Personal information
- Full name: Jaime Barroso Porteros
- Date of birth: 23 September 2007 (age 18)
- Place of birth: Madrid, Spain
- Position: Forward

Team information
- Current team: Real Madrid C
- Number: 9

Youth career
- 2014–2020: Periso CF
- 2020–2021: Sporting Hortaleza
- 2021–2022: Rayo Vallecano
- 2022–2025: Real Madrid

Senior career*
- Years: Team / Apps / (Gls)
- 2024–: Real Madrid C / 24 / (6)

International career^{‡}
- 2023: Spain U16 / 2 / (1)
- 2023: Spain U17 / 2 / (1)
- 2024: Spain U18 / 1 / (0)

= Jaime Barroso (footballer) =

Spanish footballer (born 2007)

Jaime Barroso Porteros (born 23 September 2007) is a Spanish professional footballer who plays as a forward for Real Madrid C.

==Early life==
Barroso was born on 23 September 2007 in Madrid, Spain. A native of the city, he grew up supporting Spanish La Liga side Real Madrid CF. Growing up, he regarded Brazil international Ronaldo and Portugal international Cristiano Ronaldo as his football idols.

==Club career==
As a youth player, Barroso joined the youth academy of Periso CF. Following his stint there, he joined the youth academy of Sporting Hortaleza in 2020.

Subsequently, he joined the youth academy of Rayo Vallecano in 2021. During the summer of 2022, he joined the youth academy of La Liga side Real Madrid CF and was promoted to the club's C team in 2022.

==International career==
Barroso is a Spain youth international.
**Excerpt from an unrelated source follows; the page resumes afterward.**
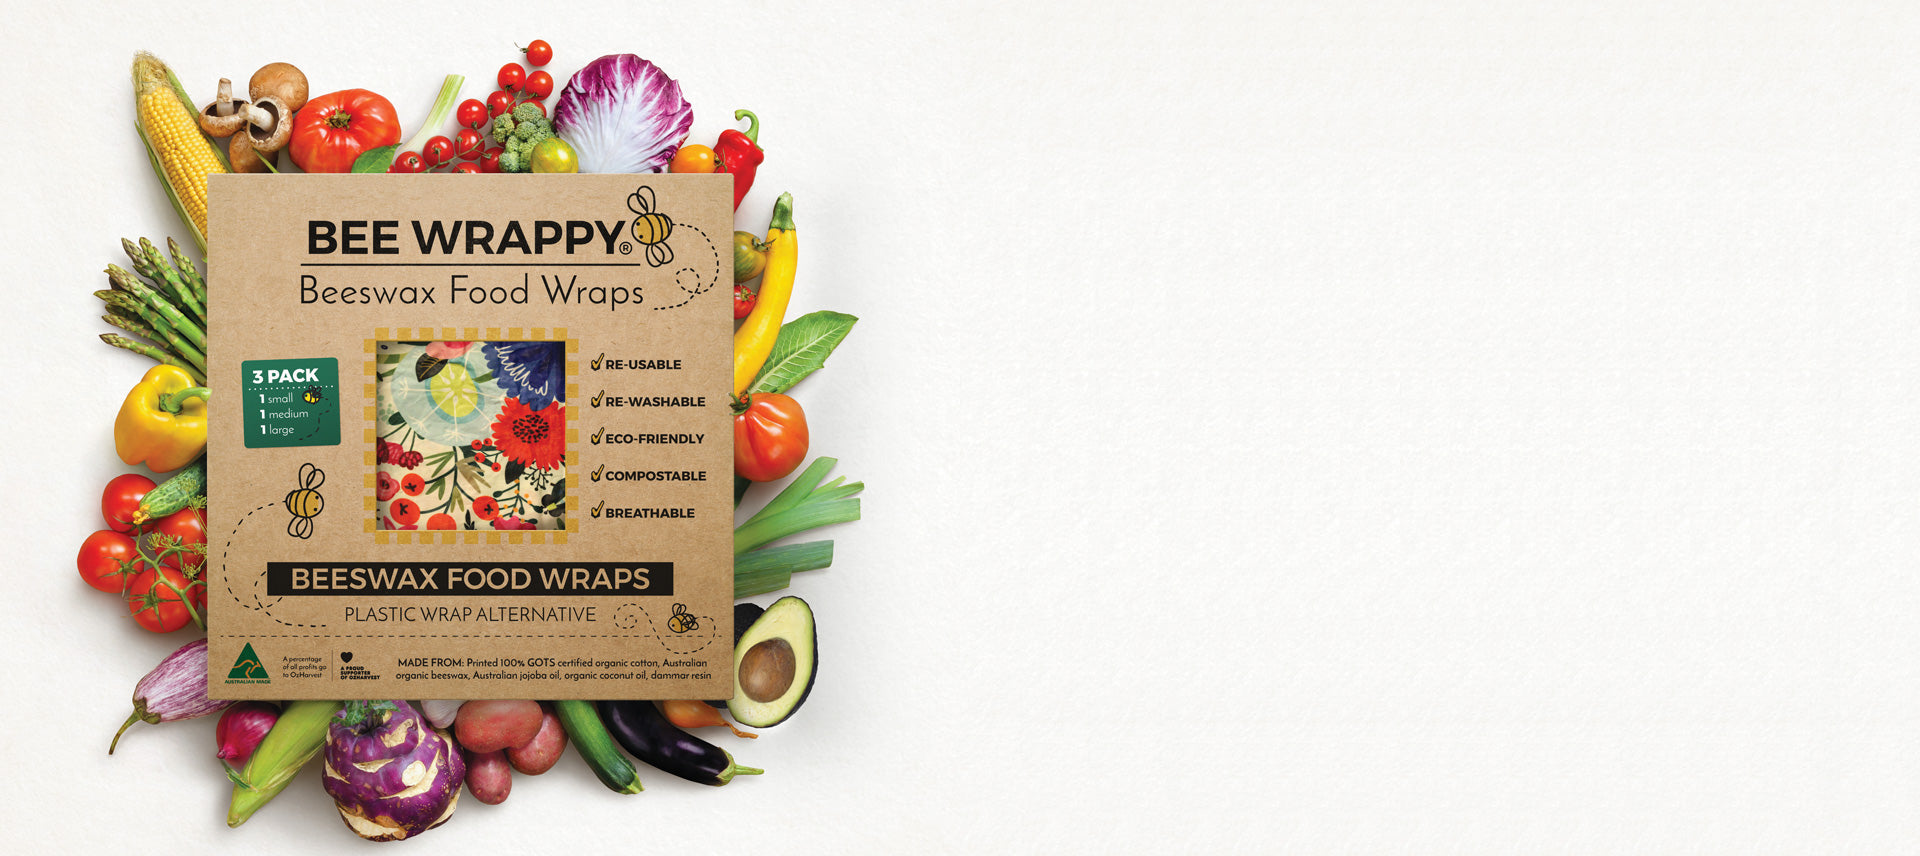 Beeswax Wraps by Bee Wrappy

On 10 October 2024, he debuted for the Spain national under-18 football team during a 4–0 away friendly win over the Romania national under-18 football team.

==Style of play==
Barroso plays as a forward and is left-footed. American news website The Sporting News wrote in 2024 that he "is a physically powerful player with excellent aerial ability, both finishing and pivoting, and is regarded as a great finisher and finisher".